Мемуары в значительной степени способствовали публикаторской деятельности Вяземского. Начиная с 1866 года в ‘Русском архиве’ печатались ‘Выдержки из старых бумаг Остафьевского архива’: многие из них сопровождались предисловиями и примечаниями Вяземского. В одном из таких предисловий он писал: ‘Перебирая старые свои бумаги и старые письма лиц, которых уже нет, кажется, мимоходом и снова переживаешь себя самого, всю свою жизнь и все свое и все чужое минувшее. Тут, после давнего кораблекрушения, выплывают и приносятся к берегу обломки старого и милого прошлого. Смотришь на них с умилением, прибираешь их с любовью: дорожишь между ними и мелочами, которым прежде как будто не знали мы цены. Предания нередко бывают дороже и выше самих событий… Границы настоящего должны не только выдвигаться вперед, но и отодвигаться назад. Душе тесно в одном настоящем: ей нужно надеяться и припоминать’ {‘Русский архив’, 1868, стлб. 436.}.
В свою очередь, деятельность Вяземского-публикатора стимулировала его обращение к мемуарному жанру: перебирая бумаги давно минувших дней, он воскрешал прошедшее и торопливо заносил на бумагу события и предания далеких лет, иногда это были предисловия и примечания к публикуемым материалам, иногда — самостоятельные мемуарные очерки.
Не официальные реляции привлекали внимание Вяземского, а рассказы современников, молва, ‘мелочи’ быта, письма. Понимание обусловленности, детерминированности человеческих поступков окружающей действительностью требовало вовлечения в область литературы всего многообразия внешнего мира. Быт переставал быть декорацией, фоном, местом действия, он проникал в самую ткань художественного воссоздания исторических событий, сквозь призму быта получал отражение пестрый калейдоскоп эпохи. Подобный историзм мышления, приложенный к восприятию литературного и общественного процесса, совершающегося или совершившегося па глазах наблюдателя, вызывал желание стать ‘летописцем’ своего времени. Эта тенденция четко проявилась в дневниках Пушкина, в его набросках ‘Table-talk’, в дневниках и письмах-корреспонденциях А. И. Тургенева, в ‘Фонвизине’ и мемуарных статьях Вяземского.
Не все ‘обломки’, всплывшие в памяти Вяземского, имеют одинаковую цену. В отличие от Пушкина у него не было обостренного исторического чутья, которое позволило бы ему безошибочно отбирать самые характерные ‘мелочи’ воскрешаемой им эпохи.
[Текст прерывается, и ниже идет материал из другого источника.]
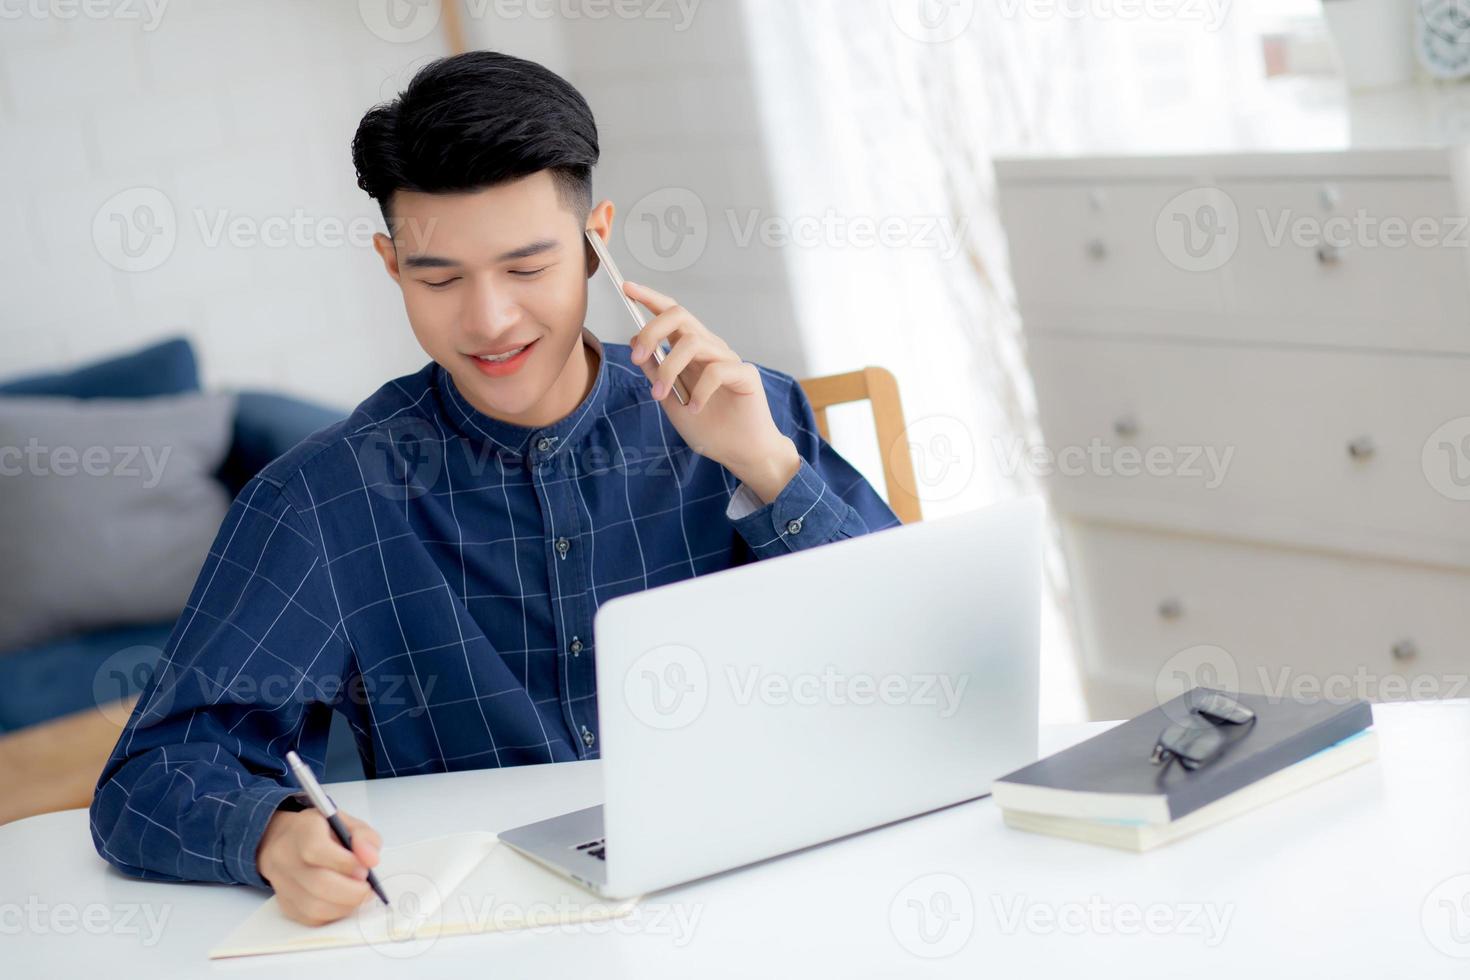 jeune homme asiatique parlant au téléphone et travaillant à domicile avec un ordinateur portable, un homme indépendant écrivant sur un ordinateur portable et parlant sur un smartphone, restez à la maison, vie domestique, concept d'entreprise et de communication. photo

К тому же па отбор ‘мелочей’, анекдотов, острых словечек, ‘народных’ слухов влиял консерватизм Вяземского этих лет: услужливая память сортировала воспоминания и извлекала из потаенных подвалов то, что казалось ему теперь наиболее ценным и достойным внимания потомства. Несмотря на эти недочеты, деятельность Вяземского — мемуариста и публикатора значительно обогащает наши знания о литературе и писателях первой половины XIX столетия.
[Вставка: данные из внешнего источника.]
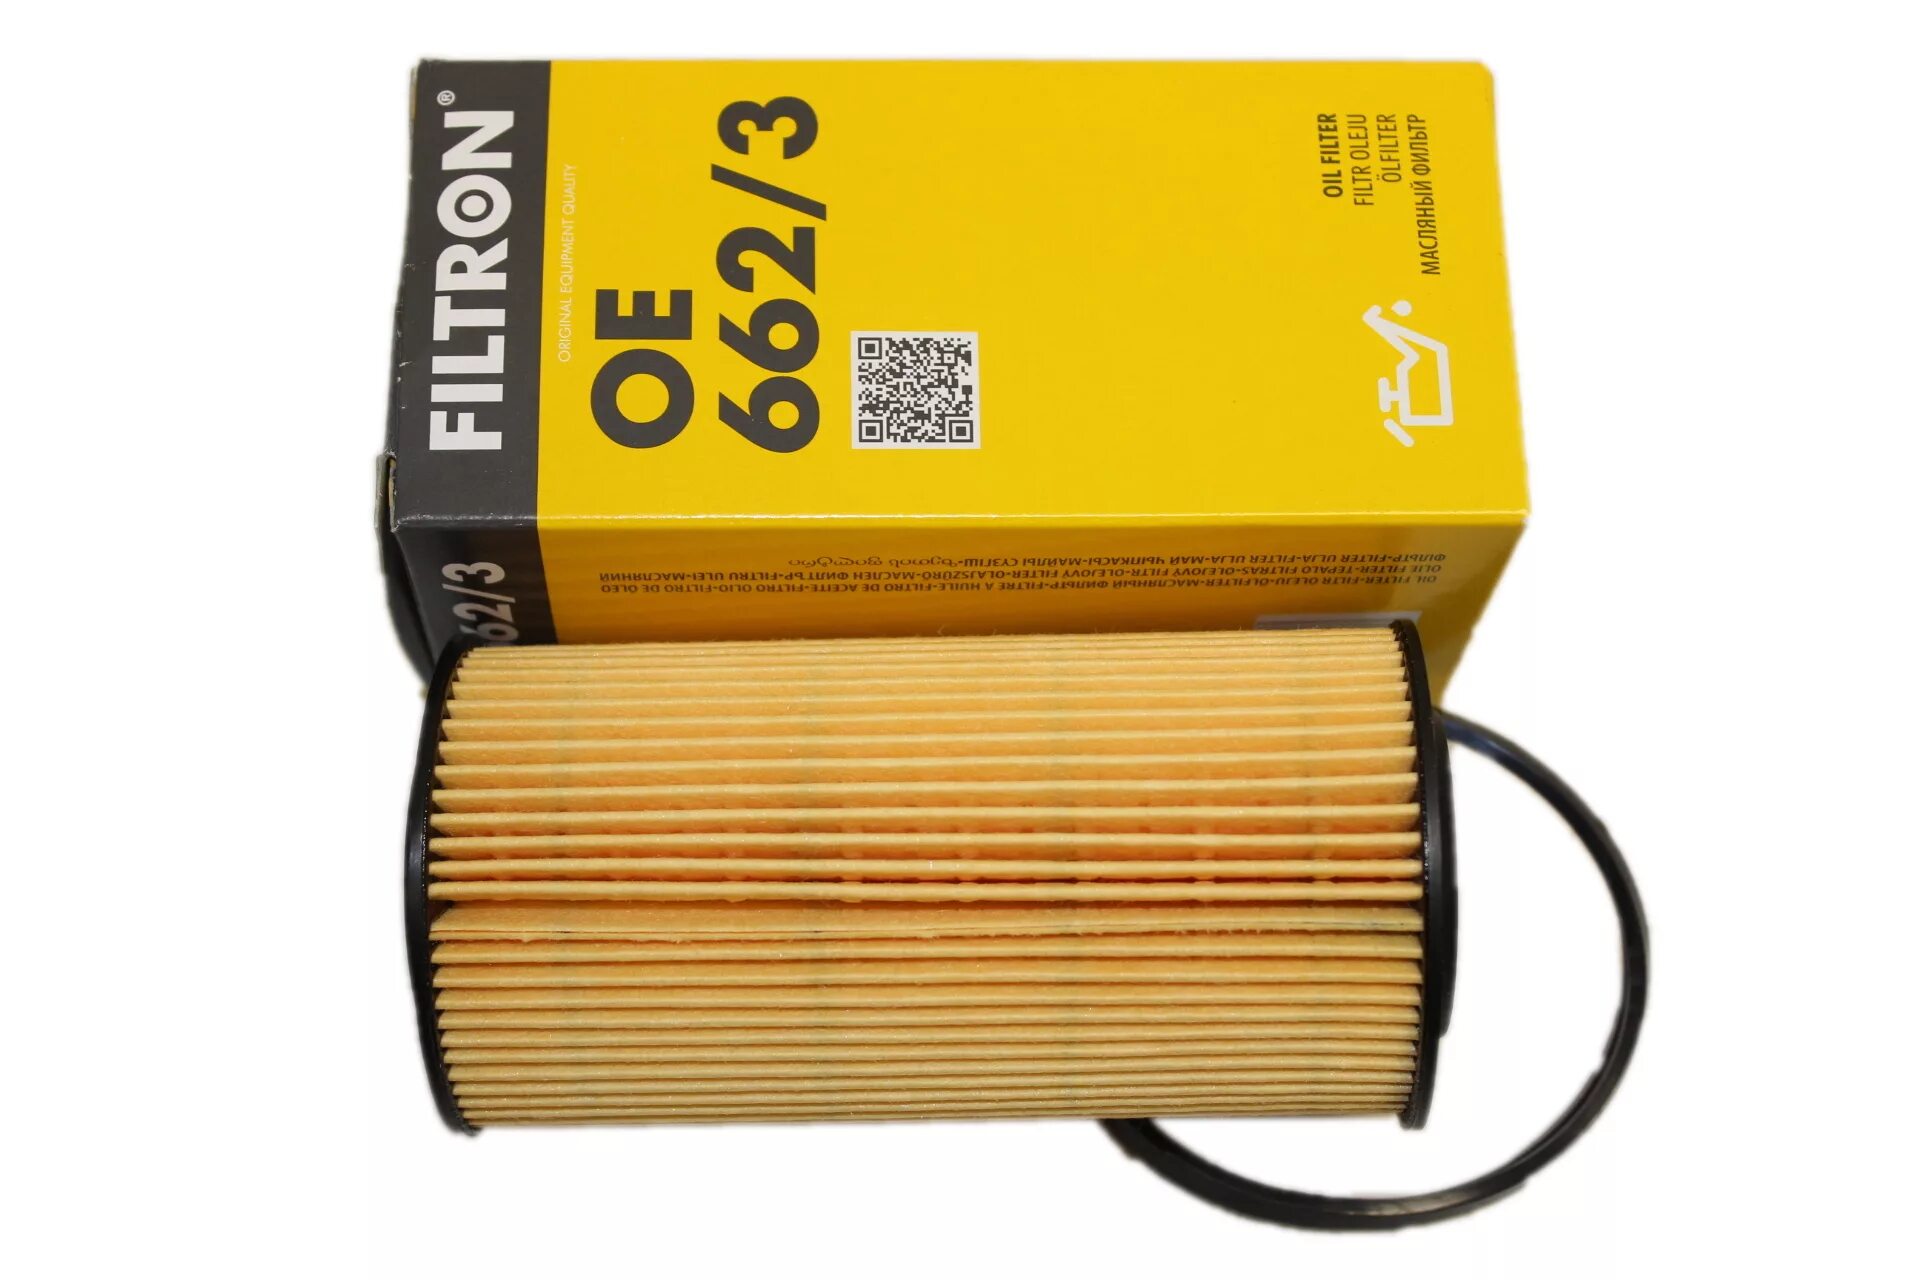 Масляный фильтр куга 2. Oe662/3 FILTRON. FILTRON oe662. Масляный фильтр Форд Куга 2.5. Форд Транзит фильтр масляный Фильтрон.

Почти три четверти века длилась литературная деятельность Вяземского, арзамасца, члена пушкинского круга писателей, постоянного собеседника, корреспондента и пропагандиста творчества Пушкина, теоретика романтизма, историка русской комедии.
Вольнолюбивая поэзия Вяземского воодушевляла передовых представителей русского общества в годы декабристского движения.
В историю отечественной культуры Вяземский полновластно вошел как критик, поэт, эпиграмматист, публицист, журналист, переводчик, мемуарист, историк литературы.
Имя Вяземского неотделимо от ‘золотого века’ русской литературы.
Вяземский скончался 10(22) ноября 1878 года в Баден-Бадене. Его тело перевезли в Петербург и похоронили в Александро-Невской лавре, вблизи могил Карамзина и Жуковского.